How do I use LLM for web scraping with Deepseek?
Using Deepseek LLM for web scraping represents a paradigm shift from traditional selector-based extraction to intelligent, context-aware data parsing. Deepseek's powerful language models can understand page structure, extract relevant information, and transform unstructured HTML into structured data without requiring brittle XPath or CSS selectors.
What is LLM-based web scraping?
LLM-based web scraping uses large language models to interpret and extract data from web pages. Instead of writing complex selectors that break when page layouts change, you describe what data you want in natural language, and the LLM intelligently extracts it. Deepseek offers several models optimized for this task, including DeepSeek-V3 and DeepSeek-R1.
Setting up Deepseek for web scraping
Prerequisites
Before you begin, you'll need:
- A Deepseek API key (get one from platform.deepseek.com)

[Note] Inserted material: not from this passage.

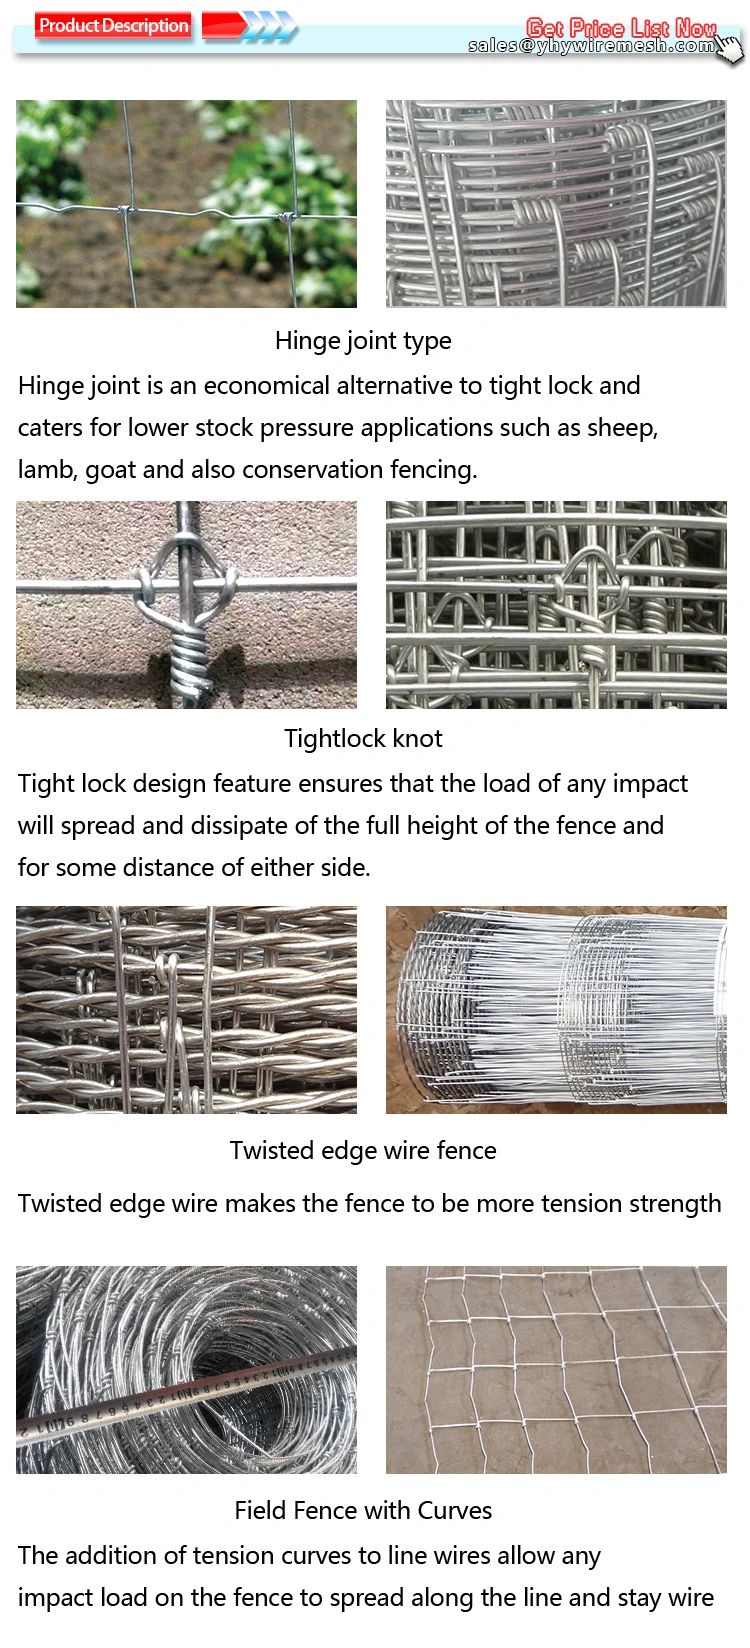 Common Galvanized High Tensile Steel Wire Hinge Joint Fence
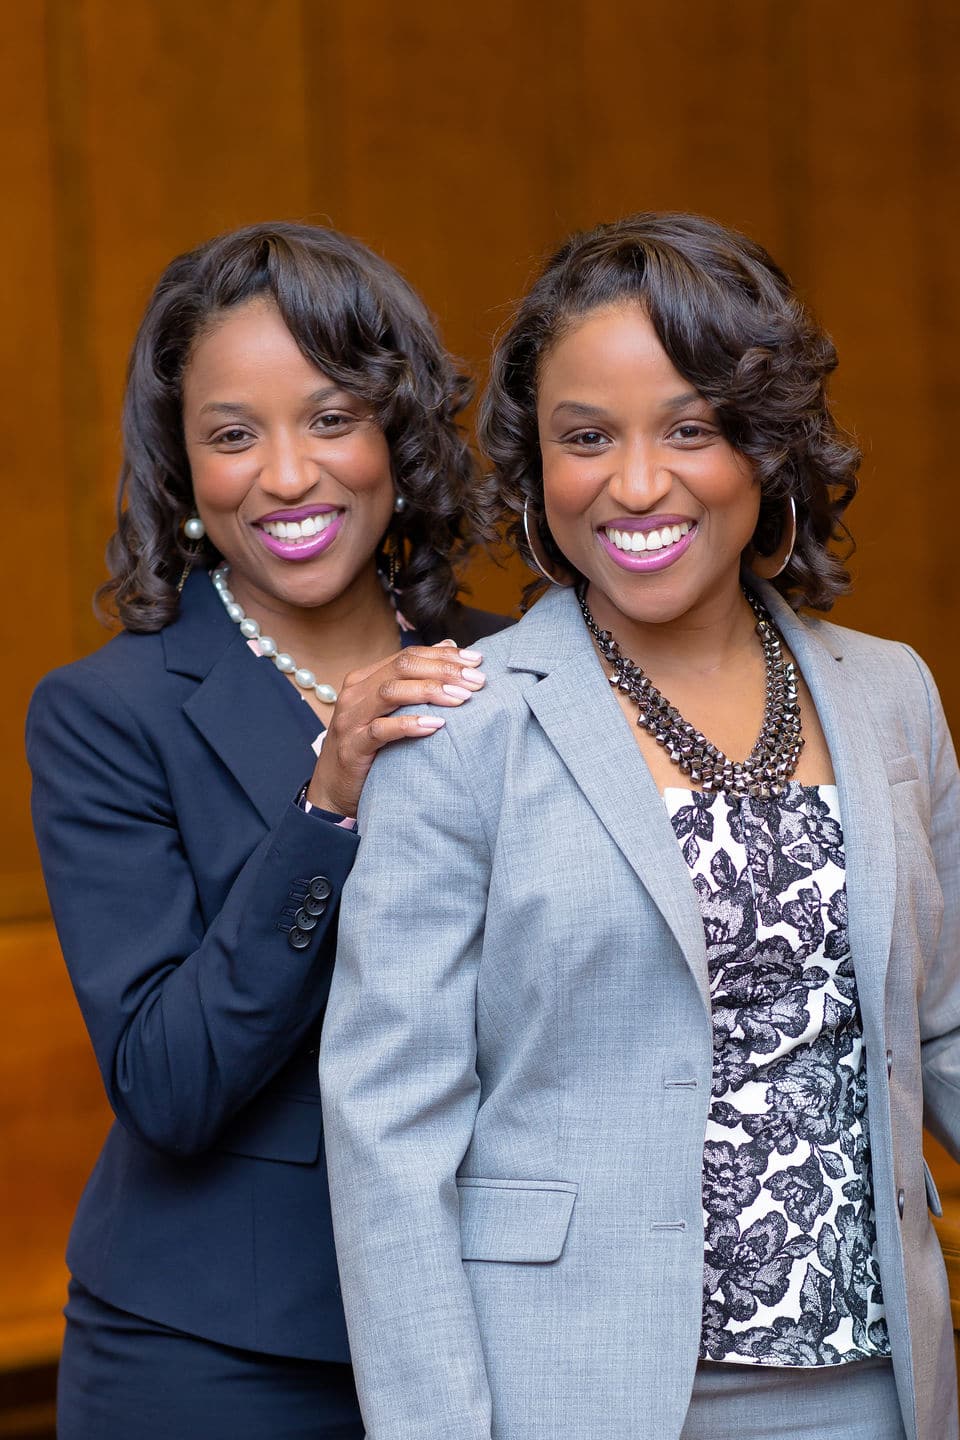 Meet adorable twin sisters who serve simultaneously as court judges

- Python 3.7+ or Node.js 14+ installed
- A library for making HTTP requests (requests, axios, or similar)
Installation
Python:
pip install openai requests beautifulsoup4
JavaScript:
npm install openai axios cheerio
Basic LLM web scraping workflow
The typical workflow for LLM-based web scraping with Deepseek involves:
- Fetch the HTML content from the target page
- Optionally clean or simplify the HTML
- Send the HTML to Deepseek with a prompt describing what to extract
- Parse the structured response
Python implementation
Here's a complete example using Python:
from openai import OpenAI
import requests
import json
# Initialize Deepseek client
client = OpenAI(
api_key="your-deepseek-api-key",
base_url="https://api.deepseek.com"
)
def scrape_with_deepseek(url, extraction_prompt):
"""
Scrape a webpage using Deepseek LLM
Args:
url: Target webpage URL
extraction_prompt: Natural language description of data to extract
Returns:
Extracted data as a dictionary
"""
# Fetch the webpage
response = requests.get(url, headers={
'User-Agent': 'Mozilla/5.0 (Windows NT 10.0; Win64; x64) AppleWebKit/537.36'
})
html_content = response.text
# Create the prompt for Deepseek
system_prompt = """You are a web scraping assistant. Extract the requested
information from the HTML and return it as valid JSON. Be precise and only
extract data that is clearly present in the HTML."""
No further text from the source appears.